Brief: Word for word, retype the lines from the one containing "Bella Abzug Quote" to the one containing "The War Rafts" below, keeping both end lines and dropping the pictures.

Supplied information:

◇ ◇ ◇

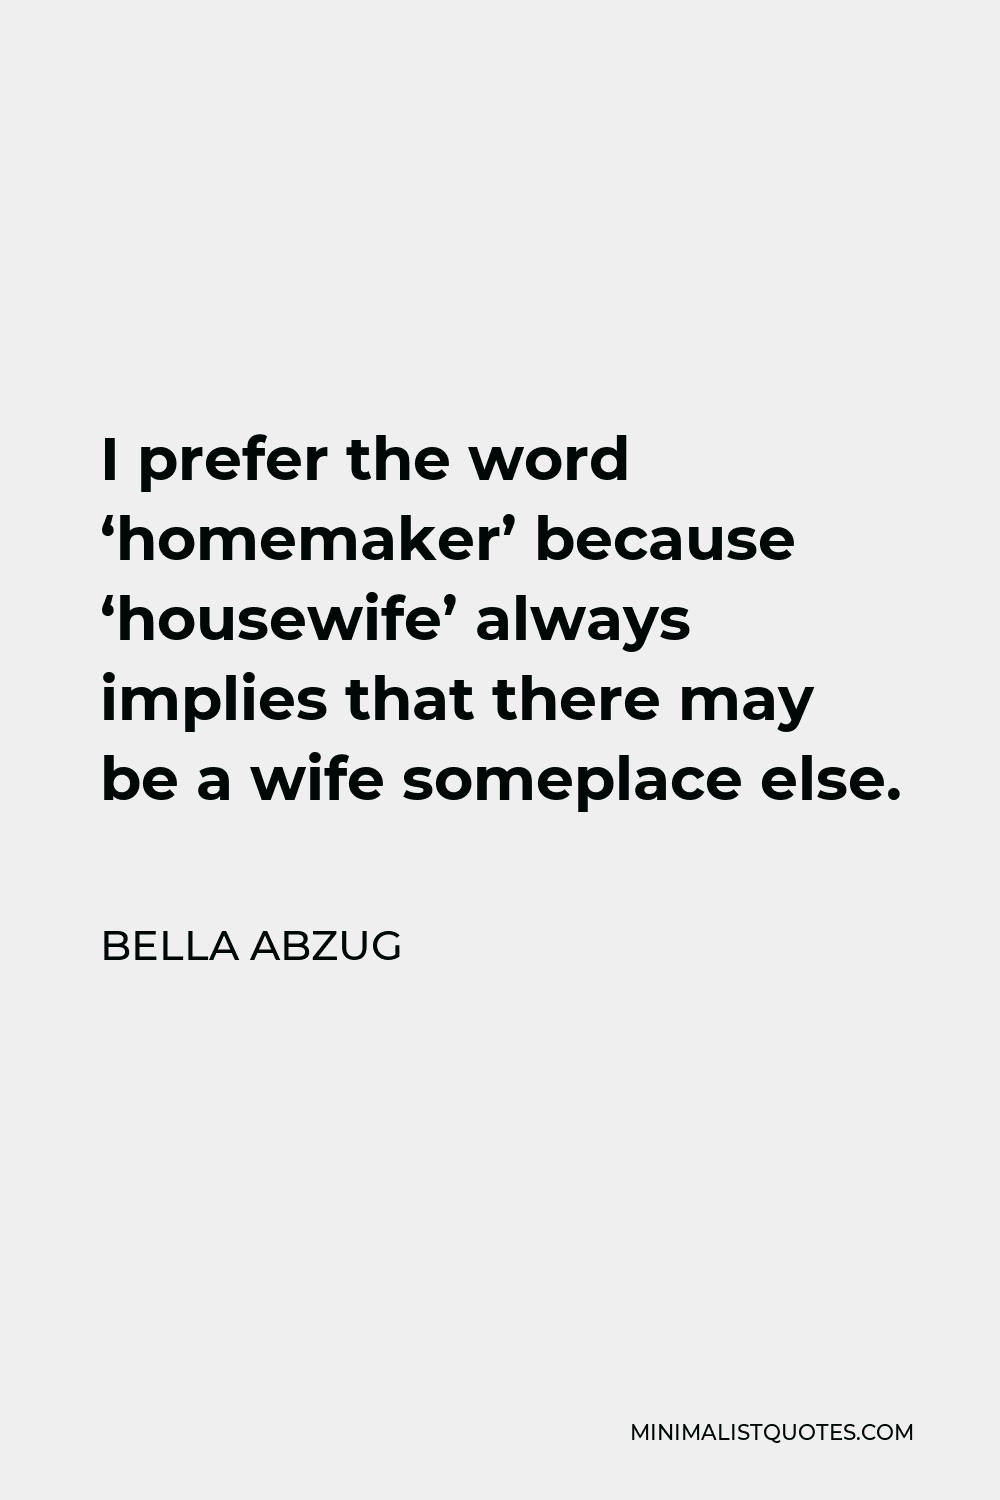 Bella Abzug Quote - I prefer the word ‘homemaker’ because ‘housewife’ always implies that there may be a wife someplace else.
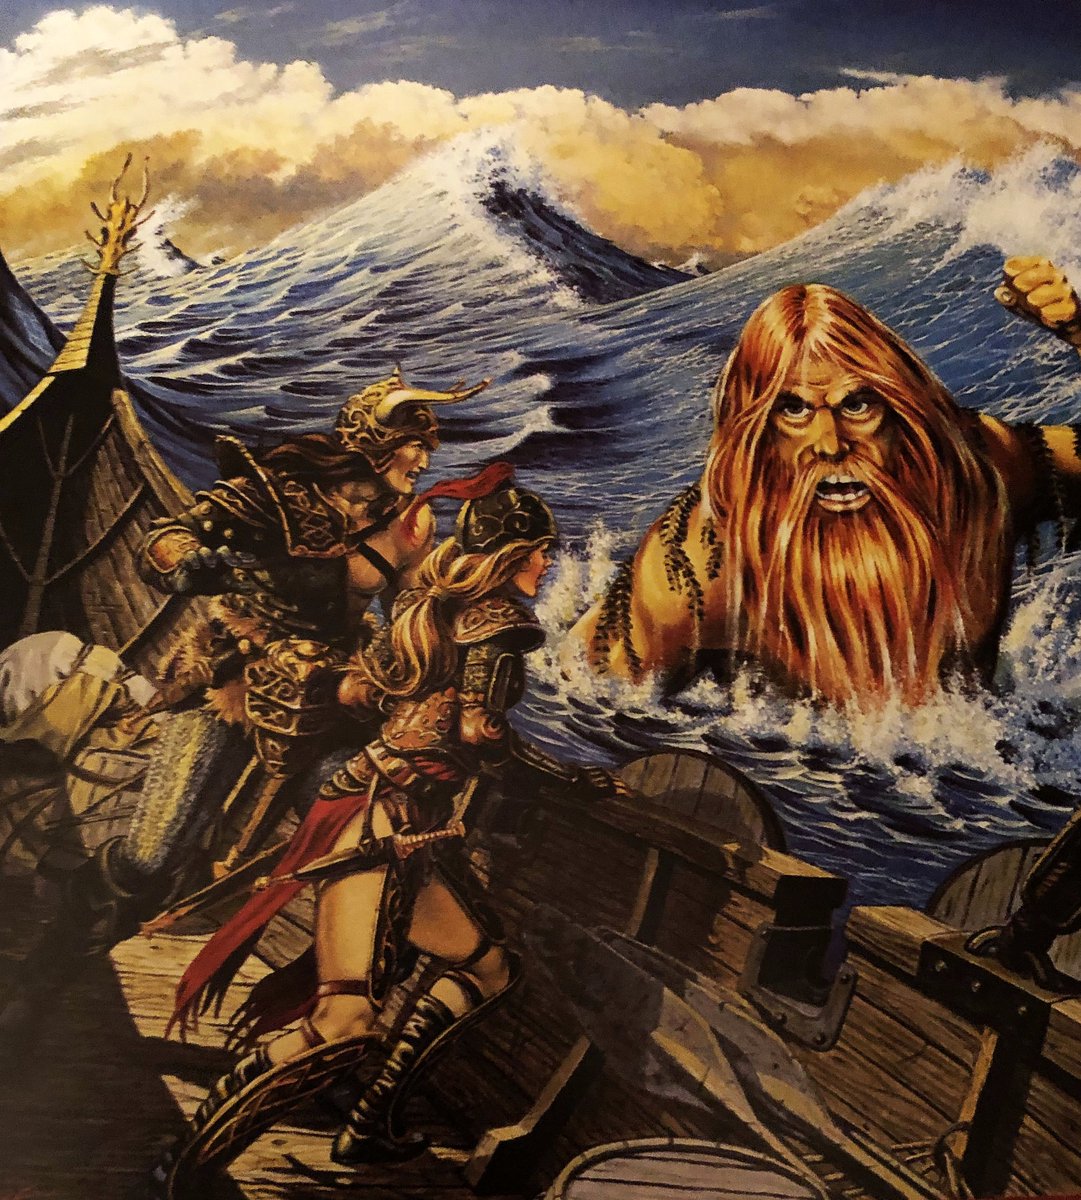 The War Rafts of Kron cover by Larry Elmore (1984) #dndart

◇ ◇ ◇

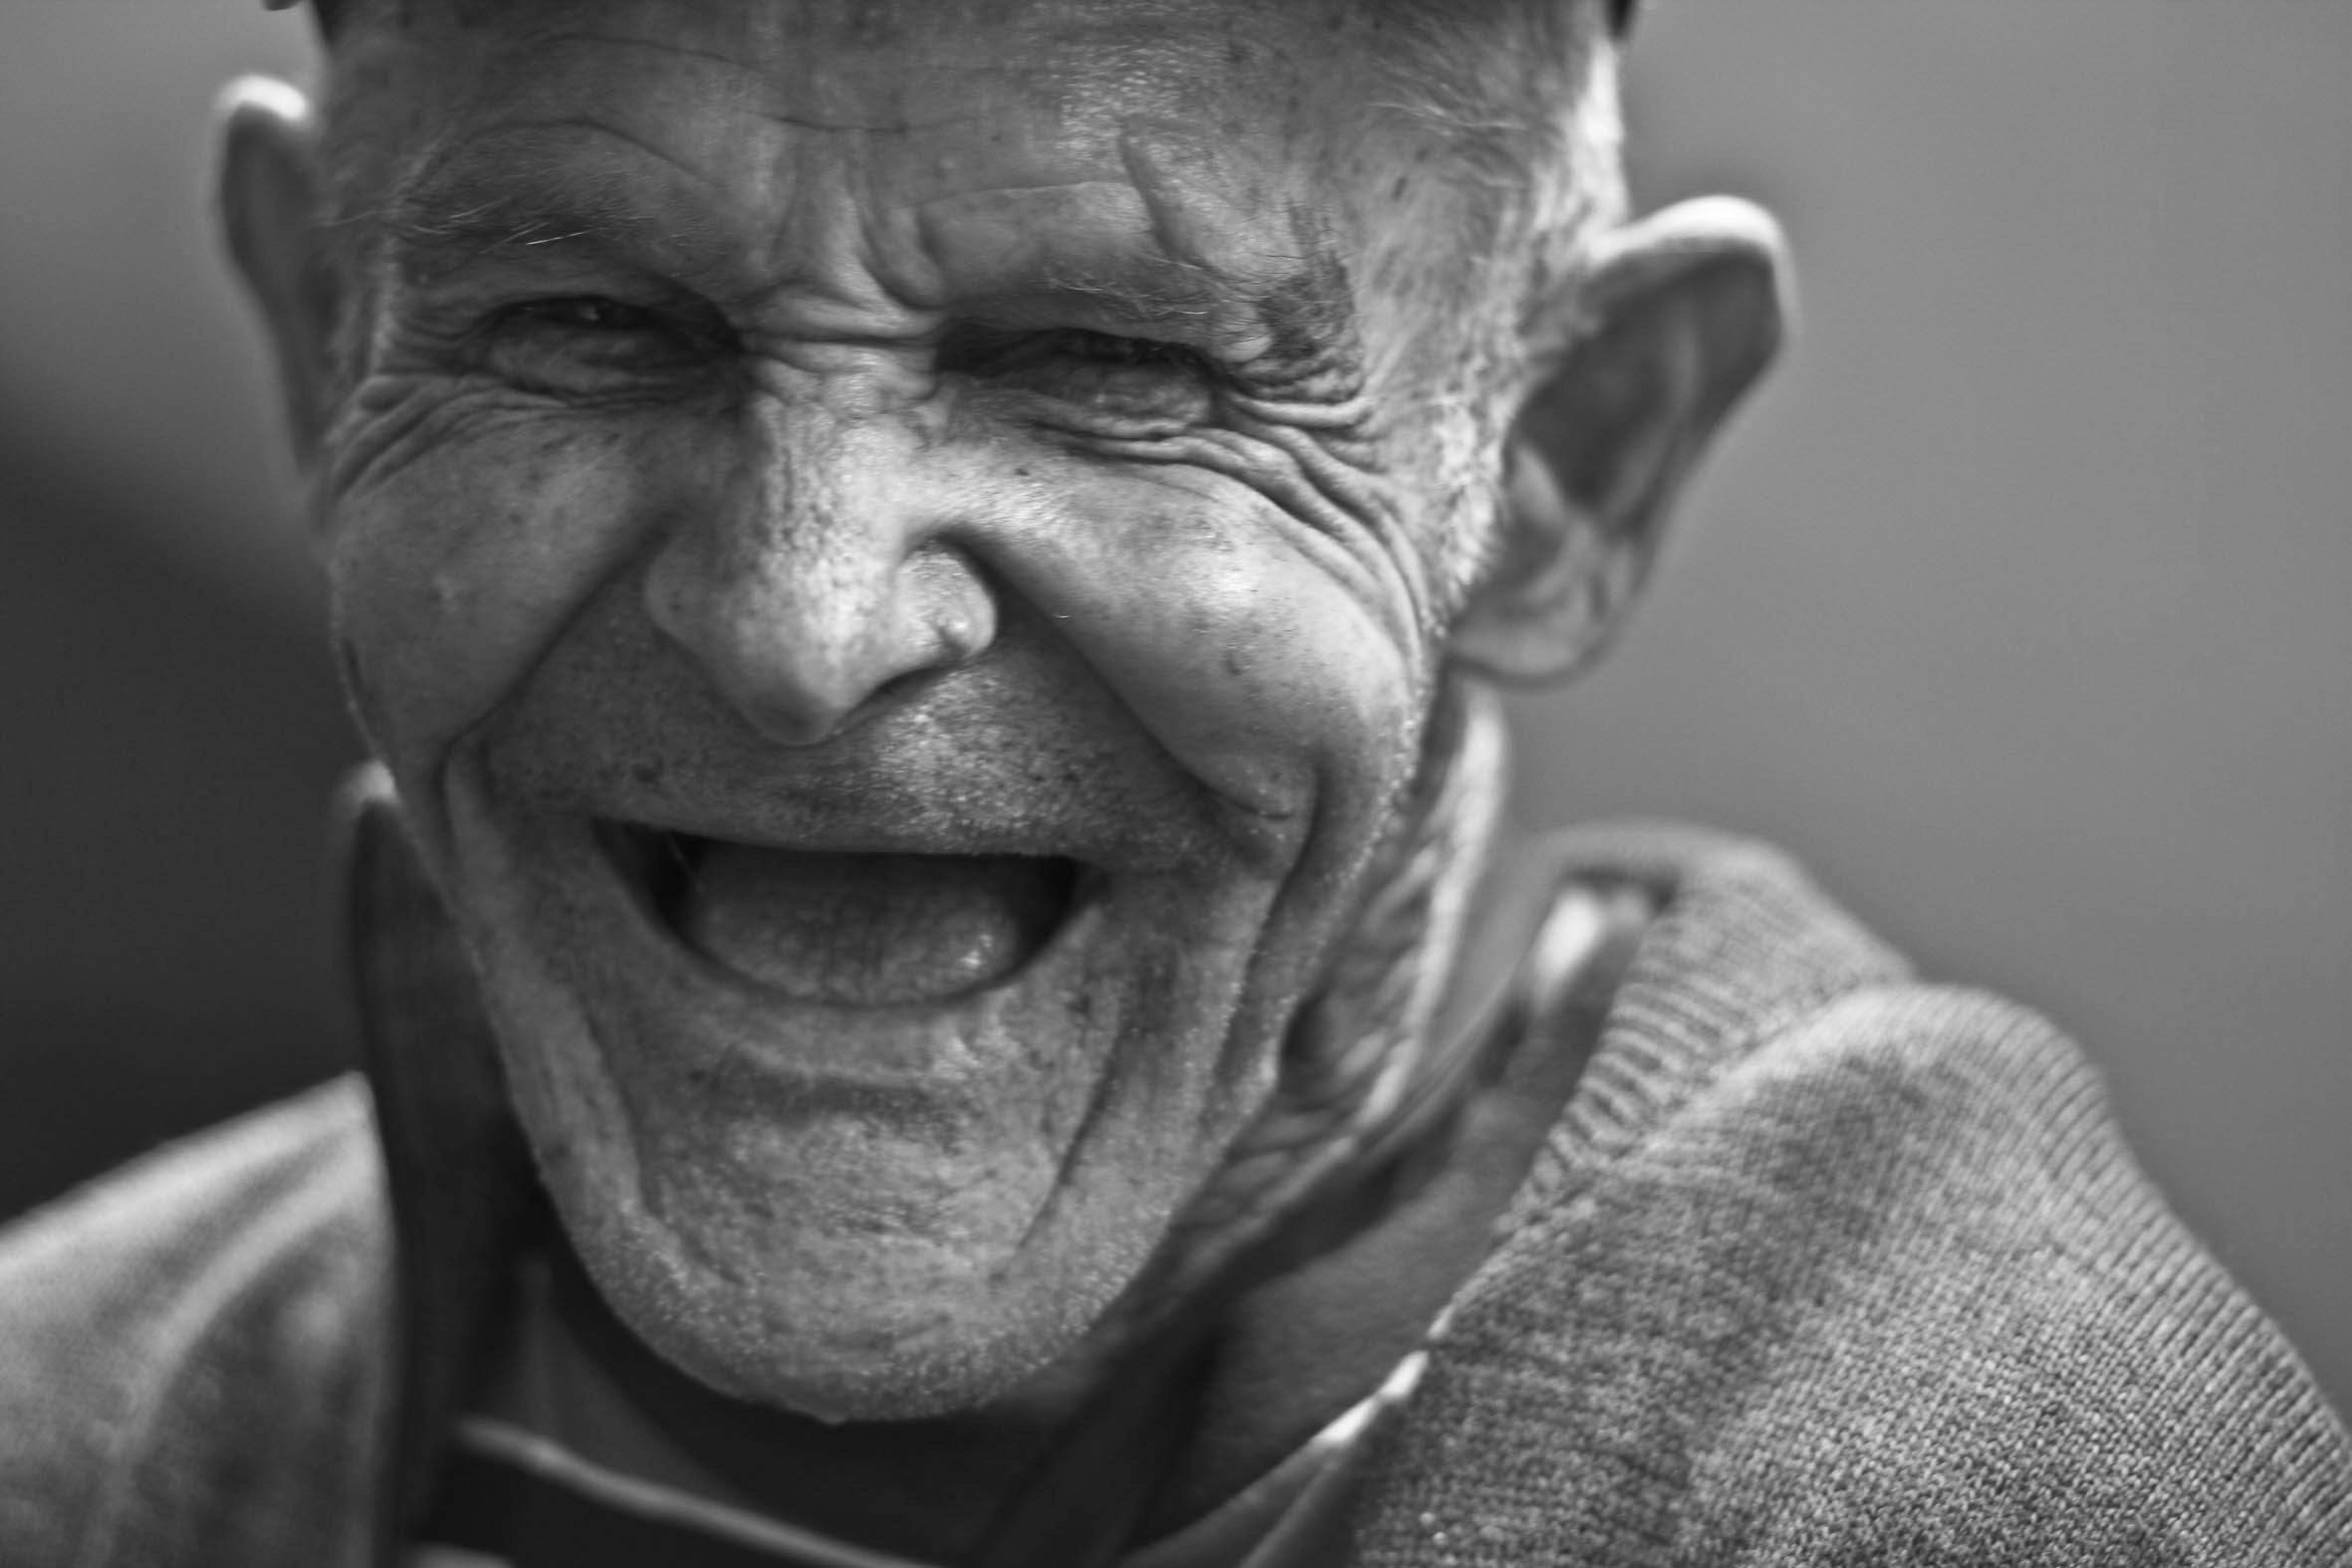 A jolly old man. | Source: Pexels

◇ ◇ ◇

Solution for this problem:
 Bella Abzug Quote - I prefer the word ‘homemaker’ because ‘housewife’ always implies that there may be a wife someplace else.
 The War Rafts of Kron cover by Larry Elmore (1984) #dndart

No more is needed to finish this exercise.